My mom and I long before music struggles had started.
At home, Mom struggled right along with me, but she wasn’t much help; she didn’t know the notes any better than I. It came to such a point that she got a piece of paper and wrote out the entire song with the Russian names for each note, marking each word-note with the corresponding number for which finger I needed to play it with. Afterwards, she’d stoop over me at a breath’s distance and compare my every move to what was written in her ‘note’ book. In this way, we trampled along together like puppies in a ditch. Interest in such an education simply withered in front of your eyes. I don’t remember this method helping me out very much, but at least it gave my mom some comfort. For the most part, to me, piano became an instrument of torture. It is a miracle that I didn’t come to hate music.
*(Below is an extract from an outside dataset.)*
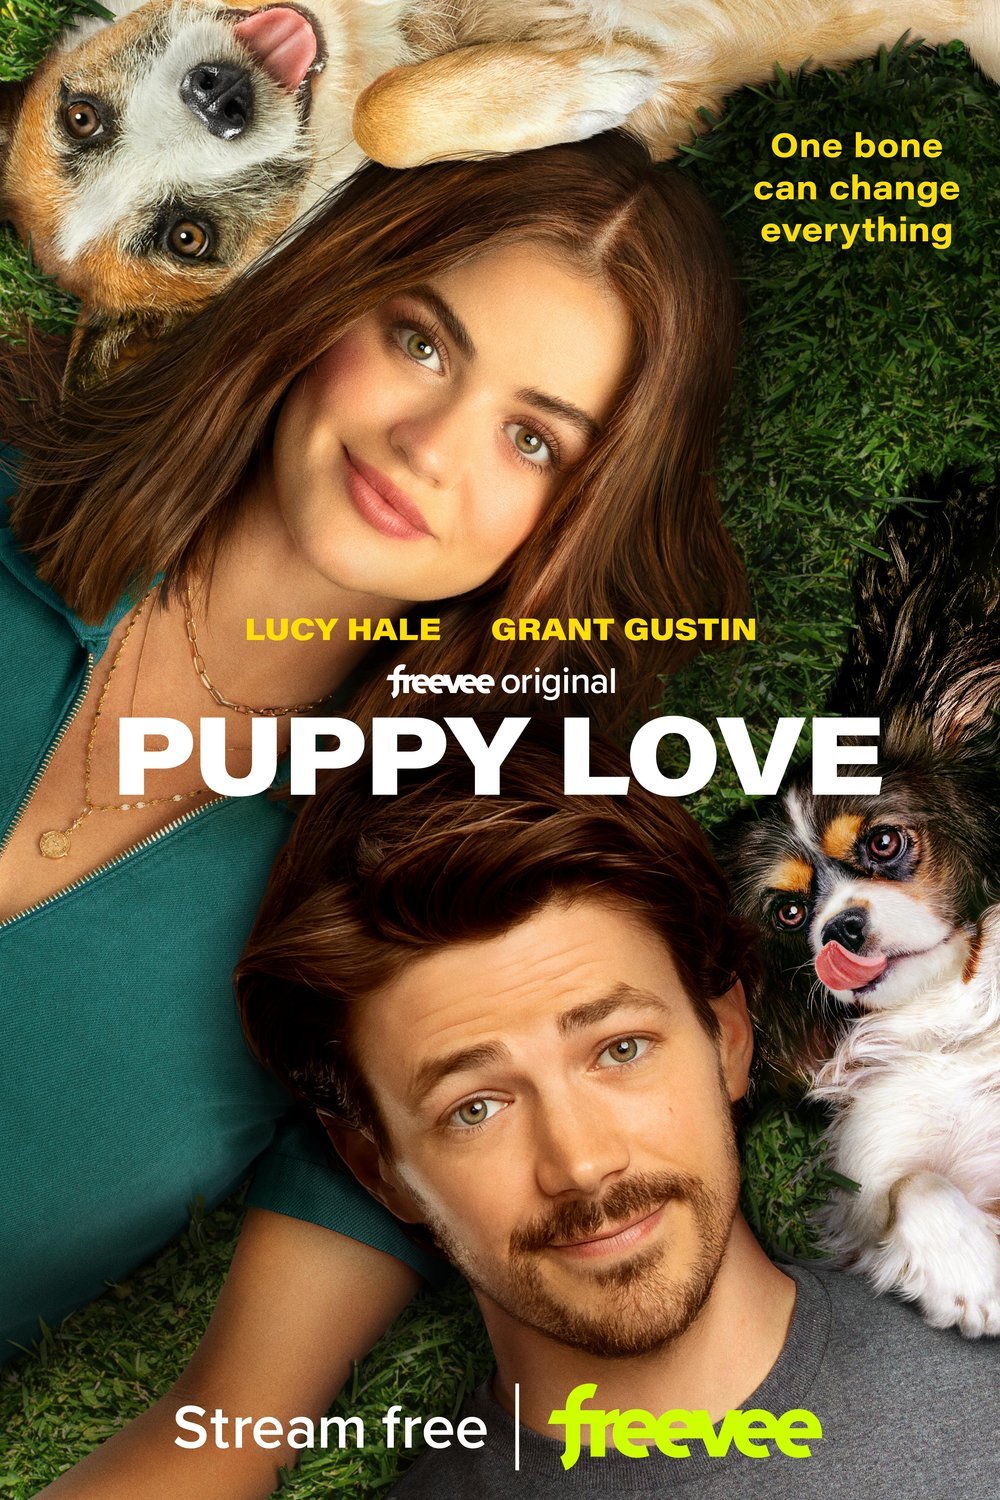 Poster of the movie Puppy Love

In spite of all of this, I still managed to complete my music education. In order to fully understand how I outsmarted the system and managed to finish music school, music prep school, and then the music conservatory all with outstanding marks, one must be familiar with an old anecdote:
“Sir, how did you become a millionaire?”
“Oh, it was a long and painful process! On one street I found apples on sale for ten cents, and on the other they were thirty cents. I bought the apples for one price and sold them for the other, carefully pocketing the difference.”
“And then what?”
“Well, after that my rich uncle died and left me his inheritance.”
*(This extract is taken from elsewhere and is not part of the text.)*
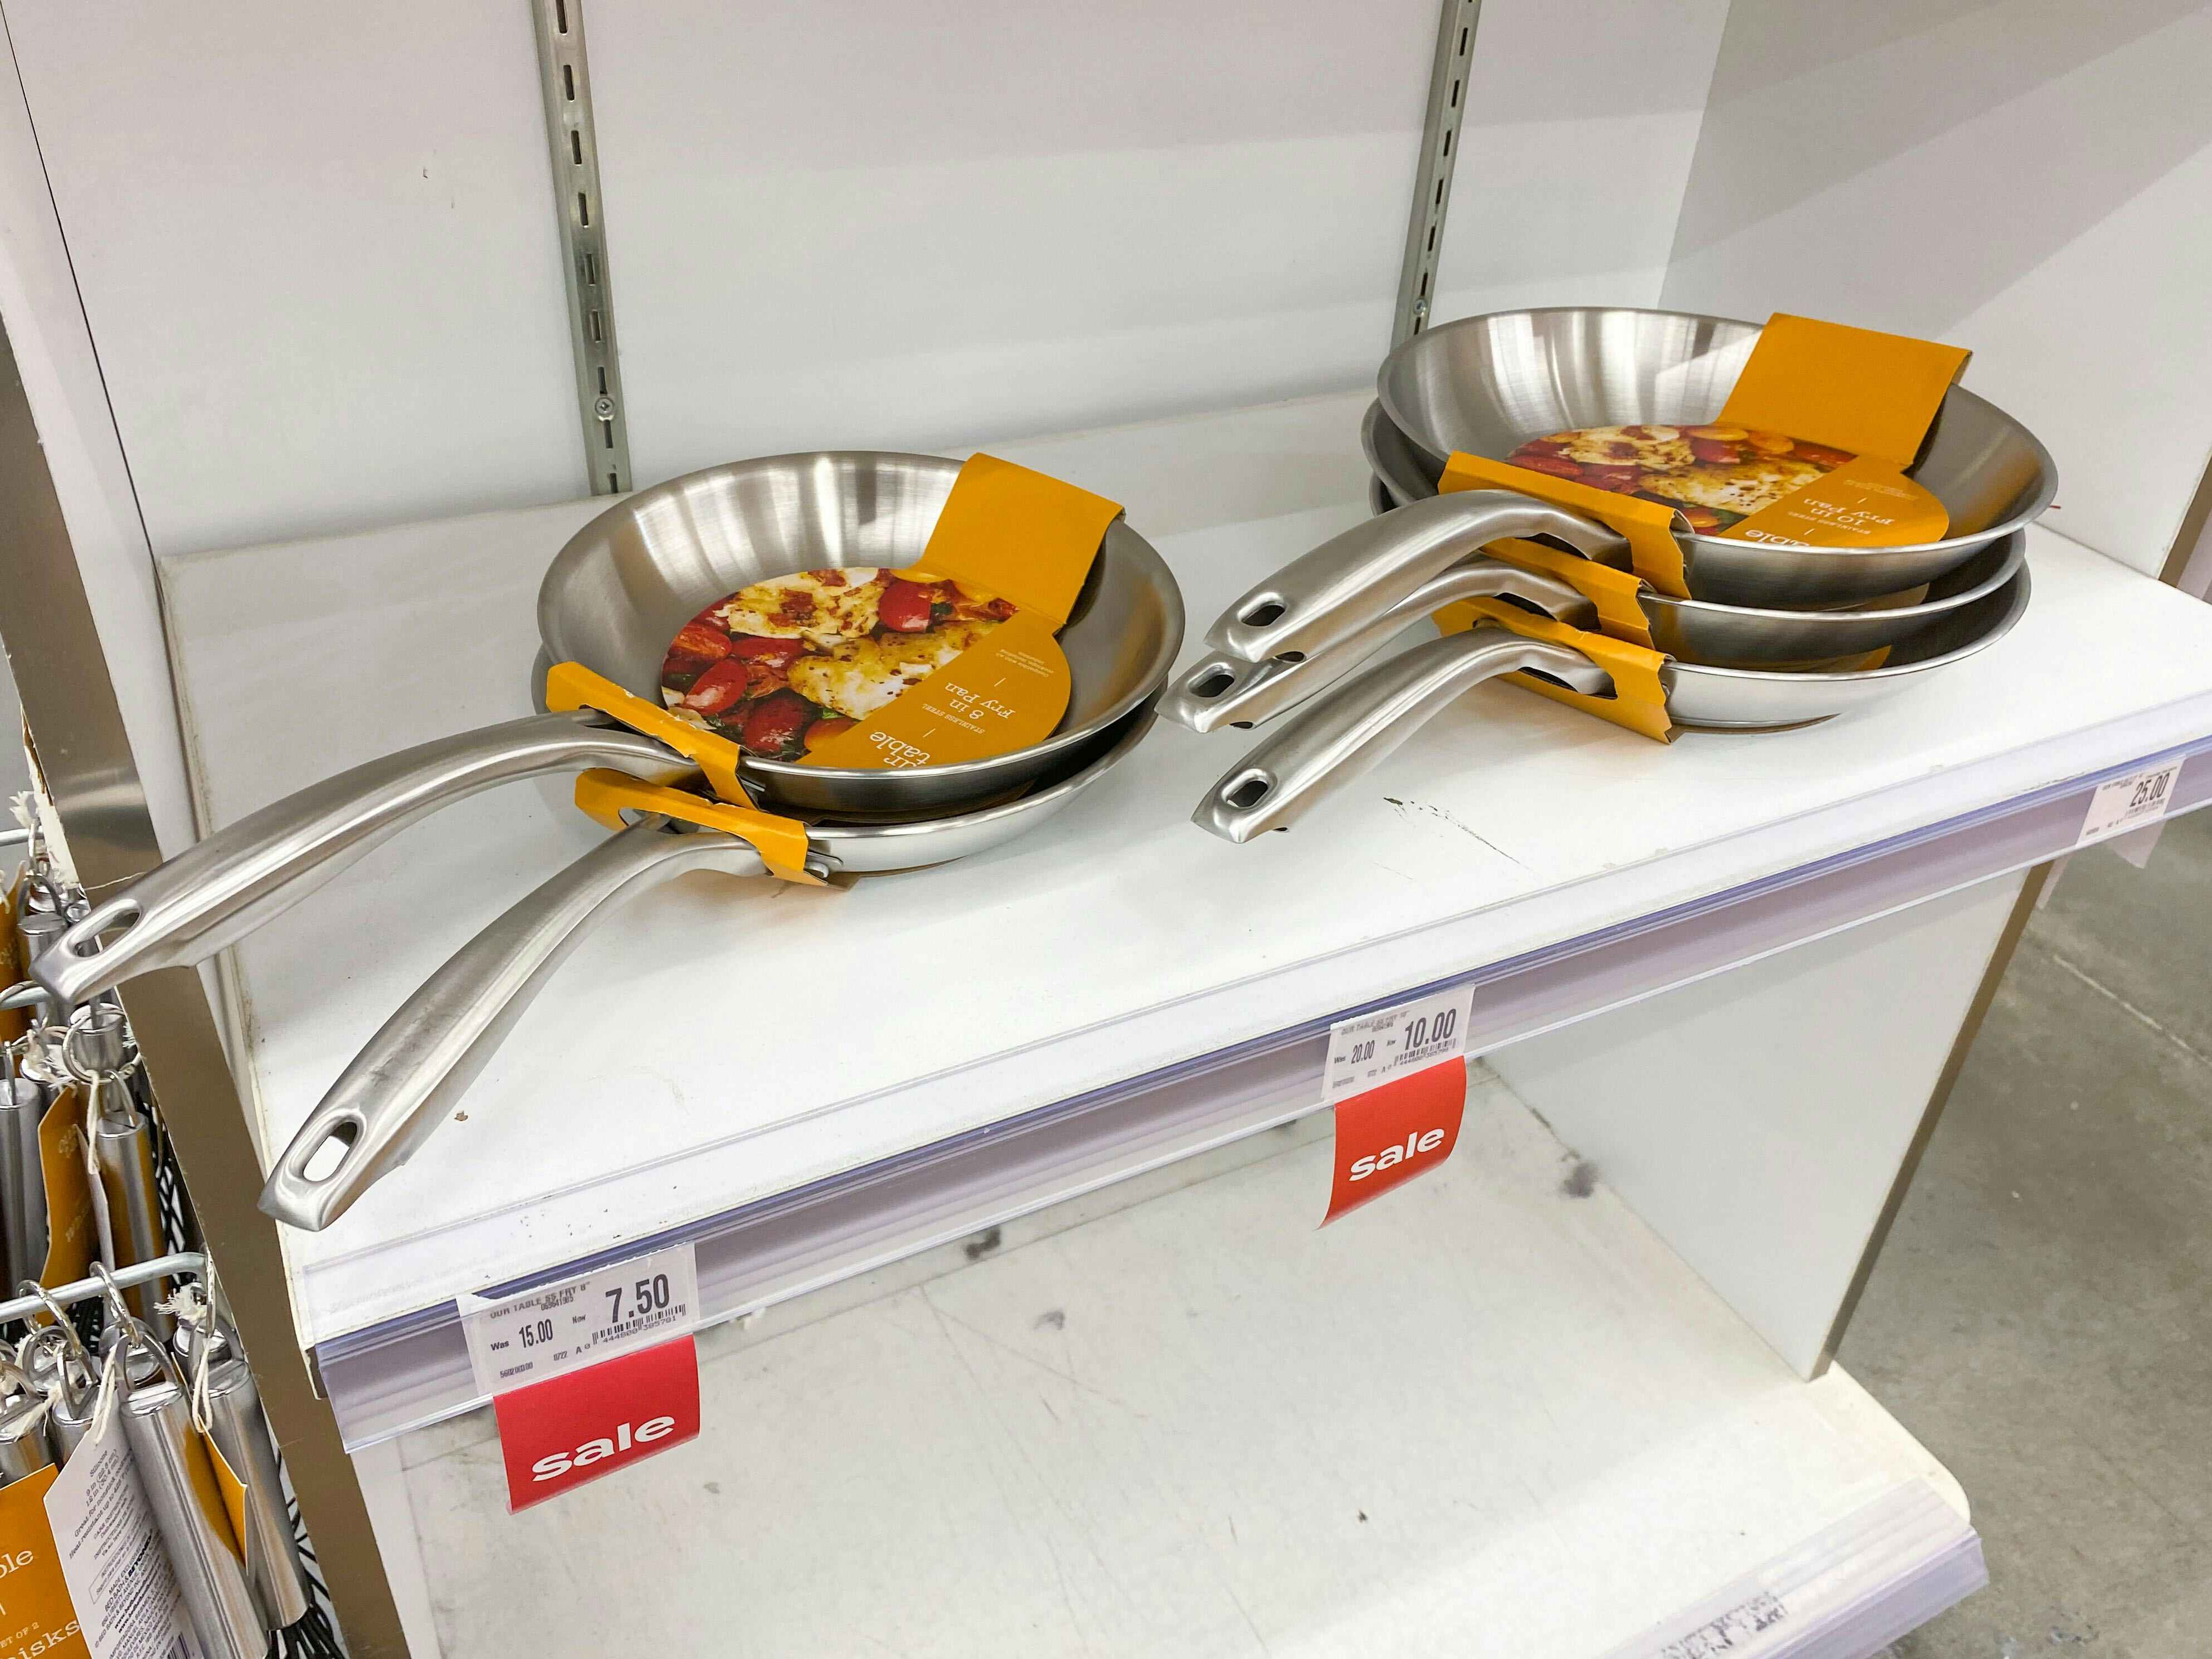 stainless steel fry pan on white shelf at angle

My unexpected inheritance came to me as a miracle. At some point, I was suddenly given a golden ticket: the perfect pitch, the natural ability to identify notes by their pitch vibration. I suddenly just knew what note I was hearing, as if I were recognizing colors that I saw. It was like gaining eyesight after a lifetime of blindness! Unexpectedly, I was provided with a key, and a beautiful world of music was suddenly opened up to me. I could write down melodies that I was hearing on paper without pause. And after writing down a multitude of different songs, I saw how all of this music stuff is really put together. It turns out that everything in music is actually quite simple and logical! All one needs is a foothold to see this, and to understand. I started feeling very sorry for those that continued to think that serious music is boring and complicated. More than anything, it made me want to show every person what music really is – to see, and to want to learn. That is when I decided to become a music teacher
My Piano Teacher Valentina Phillipovna (at my last visit to Ukraine in 2008)
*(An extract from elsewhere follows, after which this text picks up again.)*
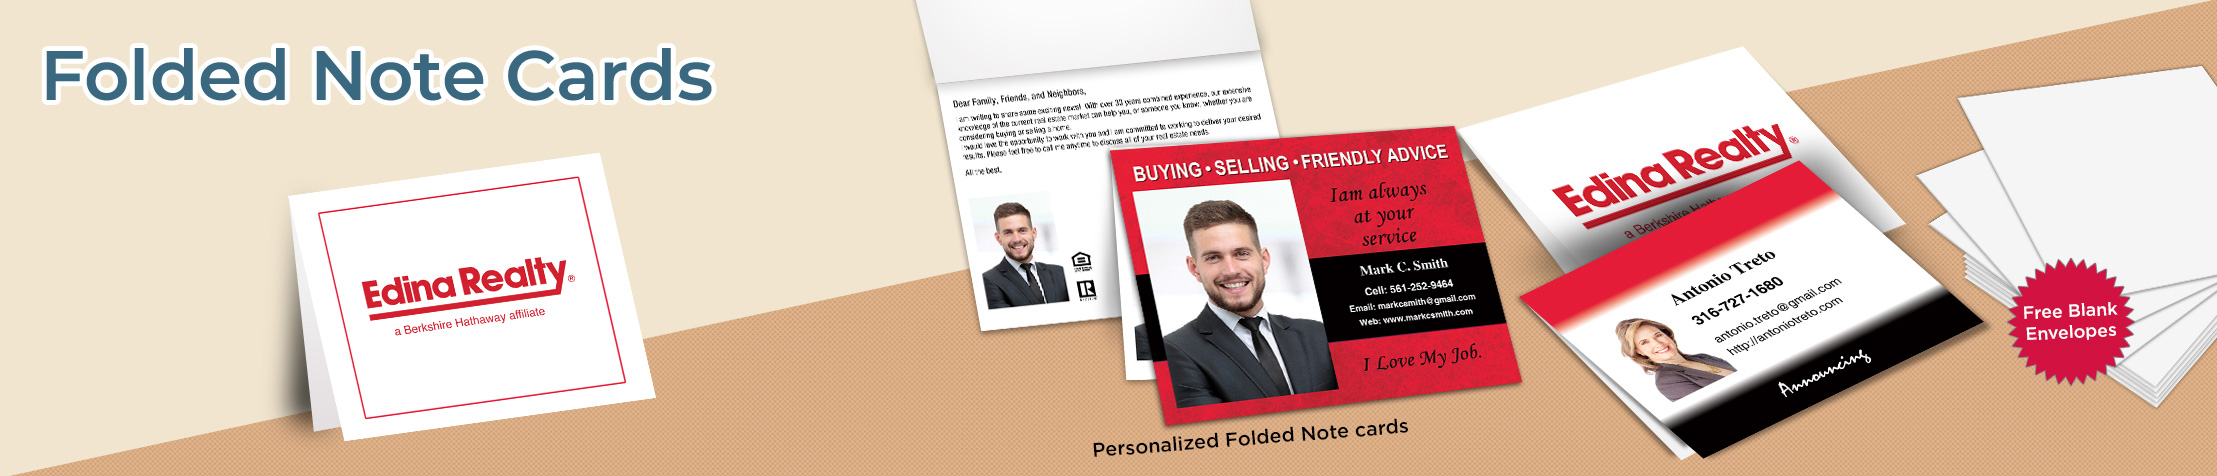 Edina Realty Real Estate Postcards -  postcard templates and direct mail postcard mailing services | BestPrintBuy.com

At the beginning, I had a harder time with this than the average music prodigy. I collected an entire store of obstacles in music education and inspected them carefully. This became my hobby – an investigation of what teaches how to teach. After learning what I could about teaching and putting theory into practice, I could no longer believe in the accepted methods of pedagogy. I realized that without thinking about what we’re doing, in just a half-hour we can deprive a student of his ‘key to music’ for the rest of his life. Also, even if we might find a way to alleviate some of our hardship during the lesson, it doesn’t necessarily mean that the student will be so lucky!
1980. My first students. I came back to my school as a piano/music theory teacher
My difficult childhood with music helped me to find the right questions. What and how are we teaching, and what is the final result of our efforts? Why do we teach in one way, and not in a different one? How is it possible to give a person both the abilities of hearing and play? Of course, I understood perfectly well that not everyone gets the perfect pitch dropped into his or her head from the clouds… but anyone can learn to play music! This means that it’s necessary to seek out many different ‘keys,’ one for every person.